**EXERCISE**
What is wanted is every line below from the one with "Клиники обещают, что" up to and including the one with "上海兴远科技产业园149平米办公室出租-租金价格3.55元/m²/天", retyped exactly, pictures excluded, nothing else.

**DATA PROVIDED**
-------
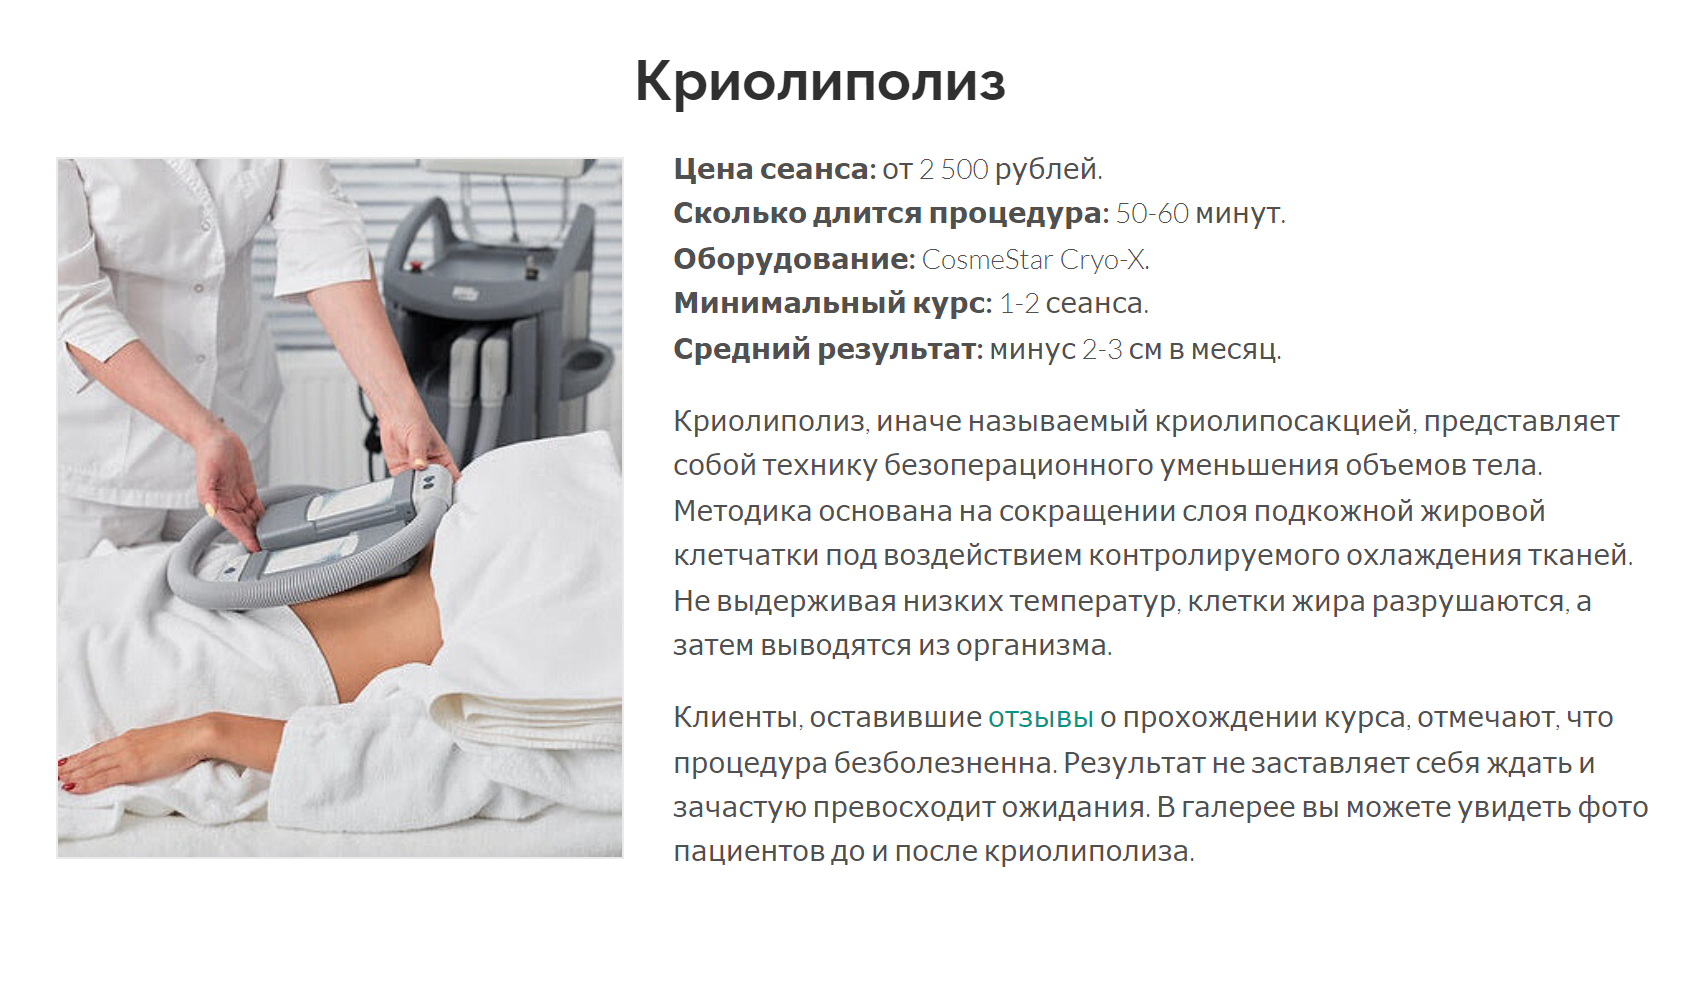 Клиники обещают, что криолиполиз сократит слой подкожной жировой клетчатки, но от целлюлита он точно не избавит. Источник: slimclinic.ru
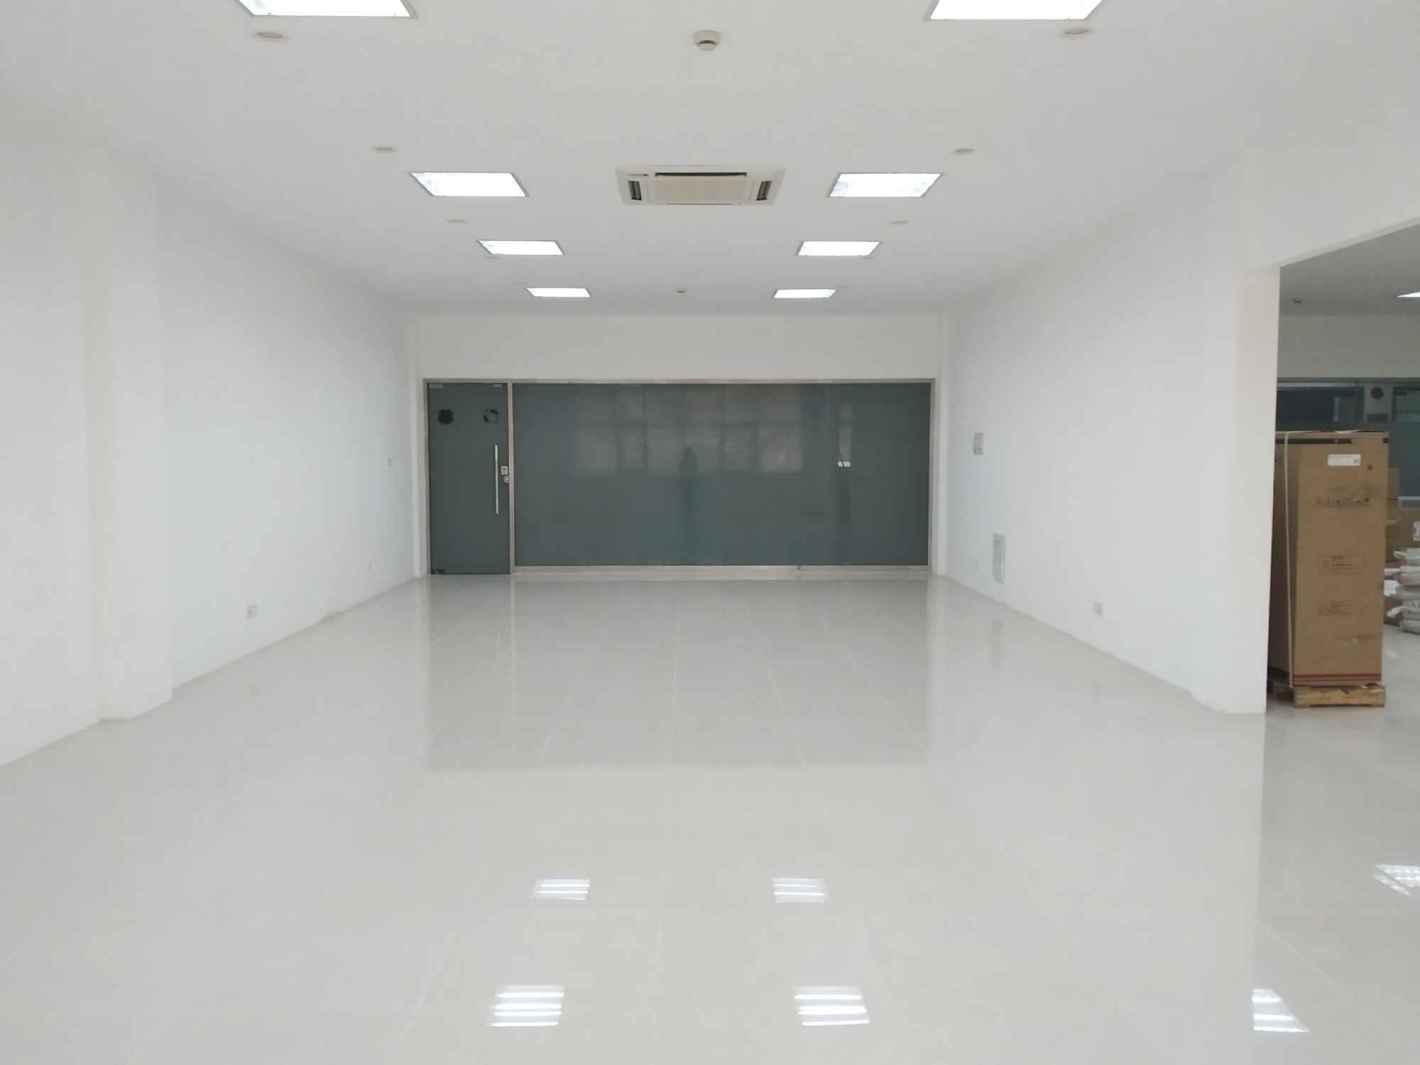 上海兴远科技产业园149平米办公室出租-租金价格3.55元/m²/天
-------
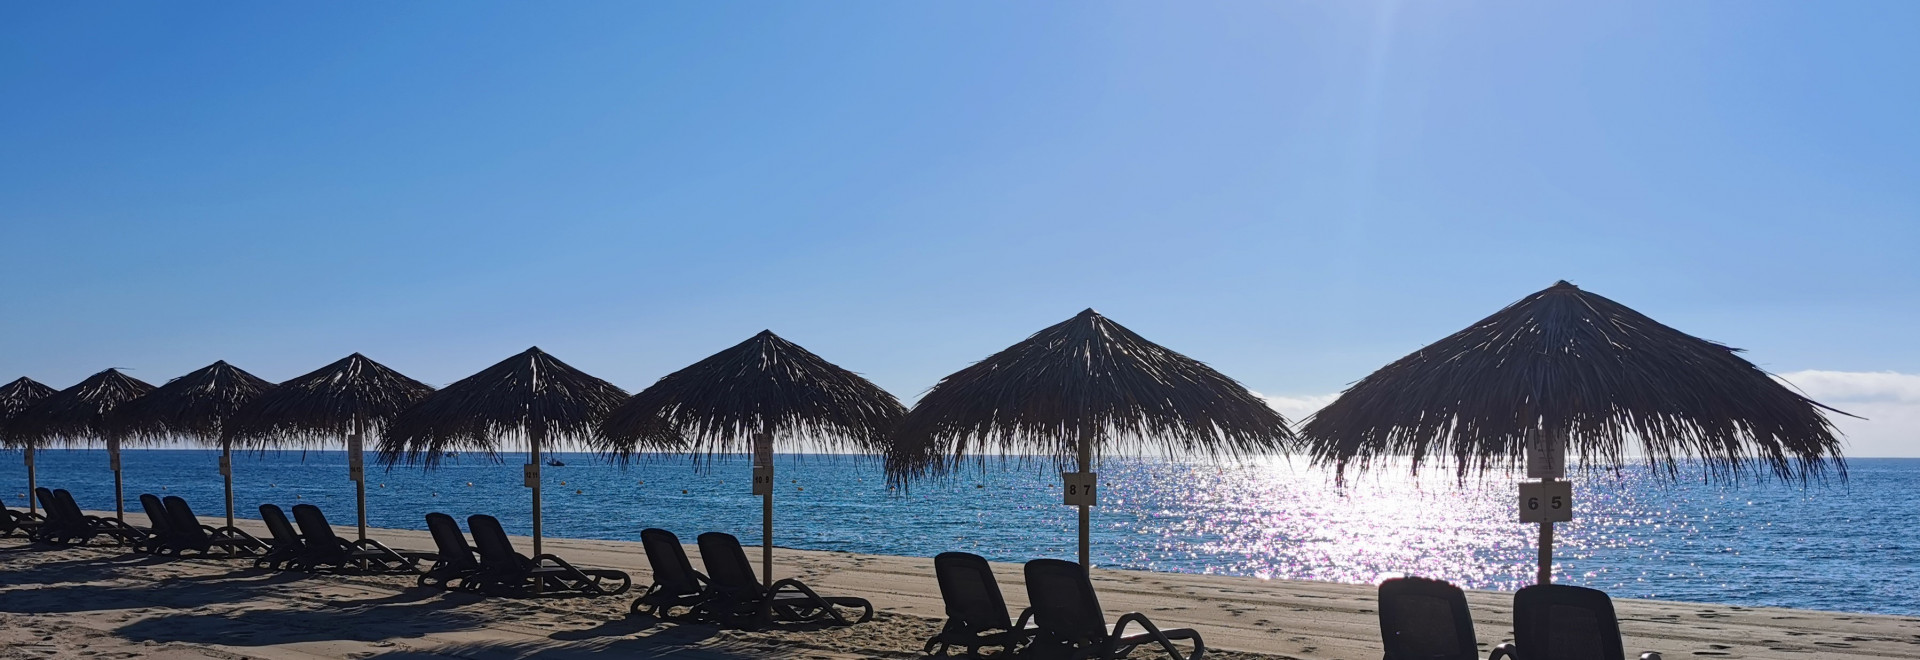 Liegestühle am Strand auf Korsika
-------
**SOLUTION FOR THIS PROBLEM**
 Клиники обещают, что криолиполиз сократит слой подкожной жировой клетчатки, но от целлюлита он точно не избавит. Источник: slimclinic.ru
 上海兴远科技产业园149平米办公室出租-租金价格3.55元/m²/天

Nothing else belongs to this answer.